Поэтому мне кажется, что… Ну, что я могу вам посоветовать? Прежде всего забудьте мрачный термин «энергетический вампир» и больше никогда его не употребляйте. А во-вторых, пожалуйста, попытайтесь всё-таки выбраться из-под влияния матери и пожить собственной жизнью, чтобы вы только в собственных неудачах могли винить себя, а не кого-то другого.

Бывают ли вообще энергетические вампиры? Ну, наверное, энергетический вампир — это зануда просто, это человек, который занудством своим мешает вам заниматься вашими делами. Но он не вампир, он просто дурак. Ну, есть, конечно, масса способов от вампира всегда отделаться. Понимаете, я всегда подчёркиваю, что конфликт необязательно провоцировать, его можно избегать. Если в вашей жизни завёлся зануда, вы всегда можете от него убежать. Не надо с ним бороться, не надо его перевоспитывать, переделывать. Вообще надо меньше общаться с людьми (мой вам совет), потому что среди них очень много зануд, дураков, авторитариев. Зачем общаться всё время? Можно сидеть самому и делать своё дело, и минимизировать контакты. Это признак духовной зрелости, когда вам мало кто нужен. А иначе, конечно, вы будете окружены энергетическими вампирами.

Я вот смотрю, как человек рассказывает мне иногда о своей глупой подруге, а сам без неё не может обходиться. Причём эта подруга — главная цель, главный смысл её жизни. И он всё время рассказывает, какая она дура. Ну, это… Слушайте, зачем с дураками-то общаться? Или тогда признайте себе, что вы сами недостаточны для себя, что вам необходимы эти дураки.

«Расскажите об эволюции метафизической мысли в советской поэзии семидесятых годов».

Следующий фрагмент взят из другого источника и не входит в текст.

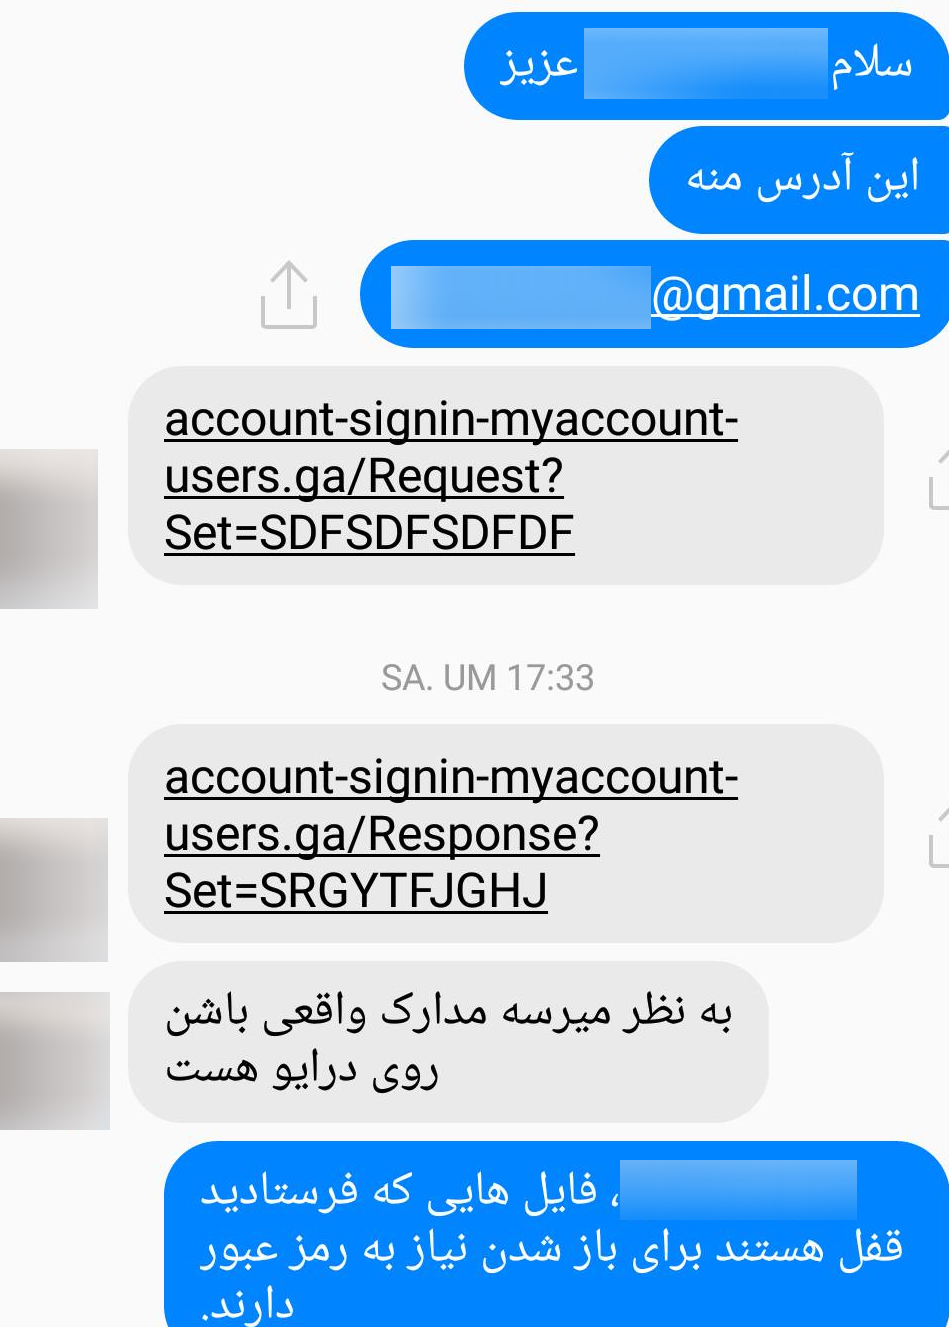 تصویر پیام ارسالی در فیس بوک که توسط قربانی اول که هک شده بود برای یکی از خبرنگاران ارسال شده است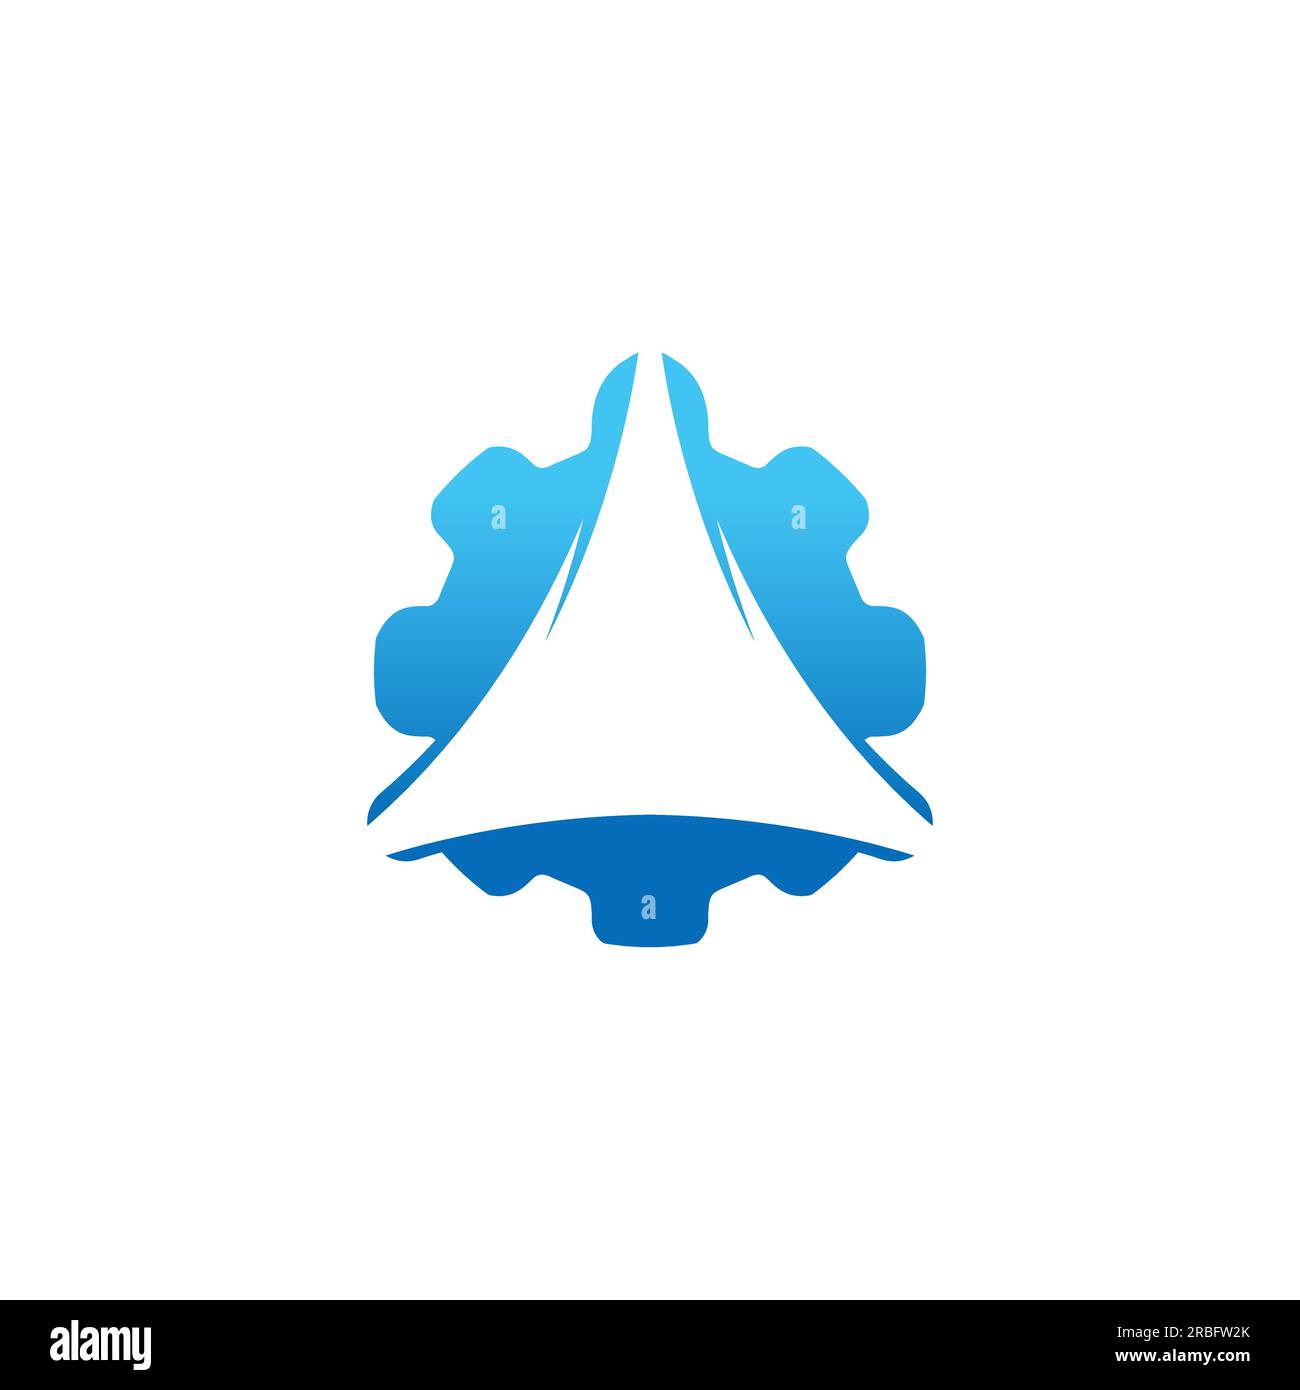 Download del modello di design del logo vettoriale Triangle Trinity e Gear Icon Gear.EPS 10 Illustrazione Vettoriale

Вадим дорогой, если бы в советской поэзии семидесятых годов была метафизическая мысль, она бы, эта поэзия, может быть, выстрелила в восьмидесятые и девяностые годы. Но, к сожалению, она деградировала резко. Советская поэзия была очень бедна по части метафизики. Вот вы дальше тут спрашиваете: «Тот же вопрос, касающийся конкретно Роберта Рождественского. Есть ли метафизика? И вообще имела ли место?»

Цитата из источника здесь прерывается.